I don't know the proper term for this or any rigorous way to define it. I hope the statement makes sense.

Ultimately this relates to me potentially trying to construct a way of making undefined limits elements of some non-complex number set and I wanted to make sure whether or not the periodicity could at all be a property I choose or choose not to use in my definitions. Either way I am still curious.

This is not the primary question (the highlighted conjecture is), but I believe this is primarily useful as if I understand correctly all limits can be reconstructed as infinite limits of functions/sequences. Please confirm this as well. I assume this is something most people will know from the basics.

Answer 1

What you can show is that if $f(x)$ is bounded then its values have an accumulation point. This is the Bolzano-Weierstrass theorem. It certainly does not have to have any regular cycle. For a sequence, you can have $f(n)=\{10^{n-1}\pi\}$, basically taking the decimal expansion of $\pi$ starting from the $n^{th}$ place. It is nicely bounded between $0$ and $1$ but bounces around between those limits erratically. On the assumption that $\pi$ is normal, its values are dense in the interval, so every point in $(0,1)$ is an accumulation point. I described a function $(0,1)\to(0,1)$ that takes all values in any interval here. It is very messy. You can make it go from $\Bbb R \to (0,1)$ with your favorite bijection and it is also bounded.

Functions can be much messier than the nice curves we draw on the whiteboard.

Answer 2

Ross's answer already provides a counterexample, but there is a little more to be said.

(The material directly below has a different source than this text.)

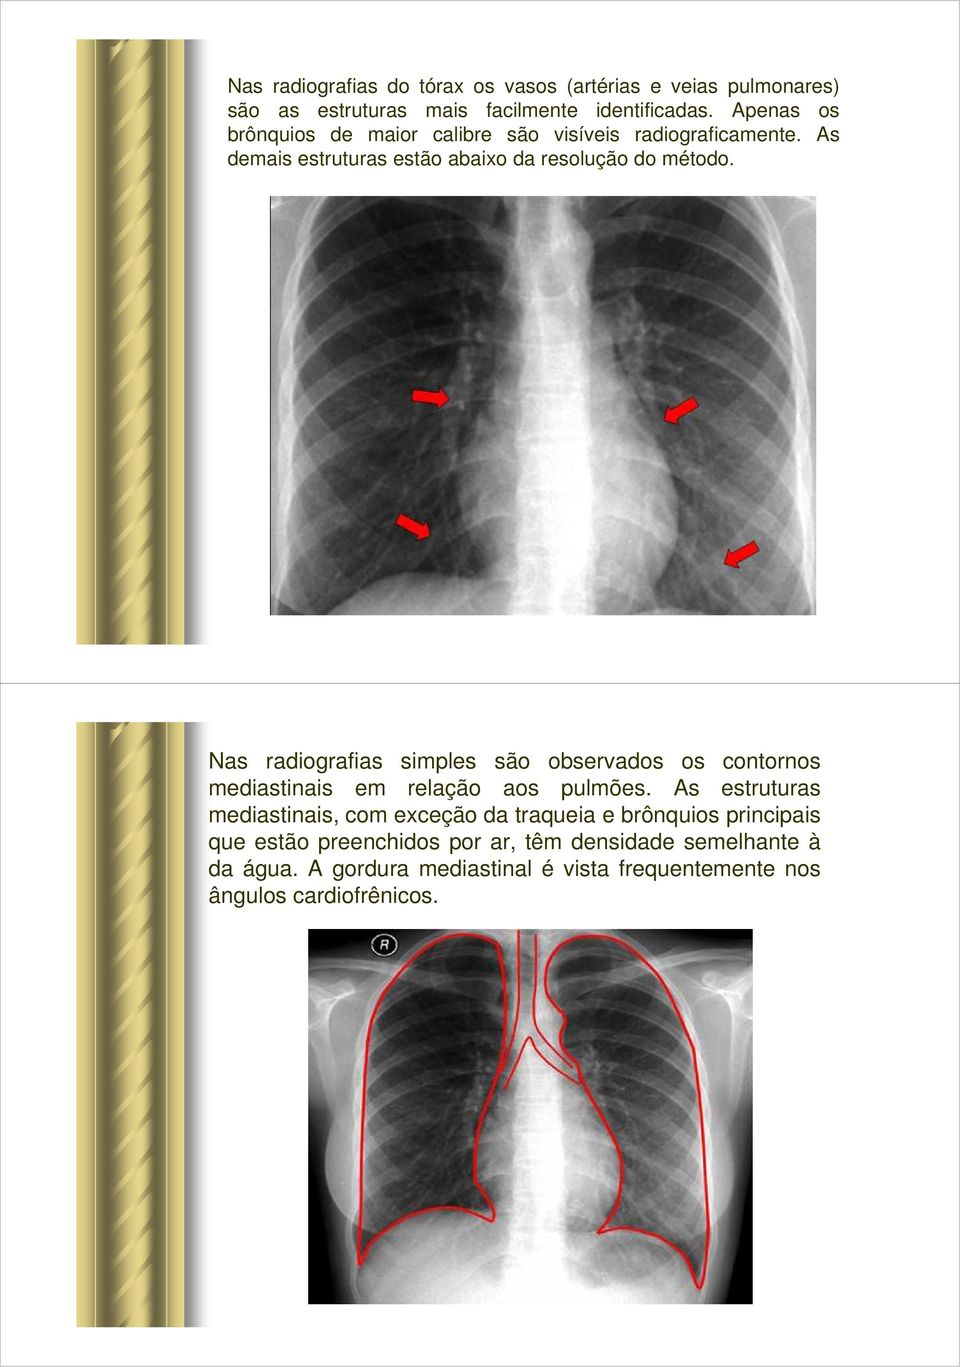 Nas radiografias simples são observados os contornos mediastinais em relação aos pulmões.

First I will take it that by saying the function doesn't increase or decrease without bound you mean it is bounded, that is from some point on $f(x)$ will be into some interval $[a,b]$. We can do better and choose the $a$ and $b$ such that they are the $\lim\;\mathrm{inf}$ and $\lim\;\mathrm{sup}$.

Now if the function is continuous you're lucky and you get what you wanted. All the numbers (strictly) between $a$ and $b$ get hit infinitely often. This is not hard to prove by using the intermediate value theorem: "Take any value $c$ in $(a,b)$ since $a$ is $\lim\;\mathrm{inf}$ take $x_1$ such that $f(x_1)<c$ and since $b$ is $\lim\;\mathrm{sup}$ take $x_2>x_1$ such that $f(x_2)>c$ than there is a $x_1<x_{1,2}<x_2$ such that $f(x_{1,2}=c$." Rinse and repeat countably many times.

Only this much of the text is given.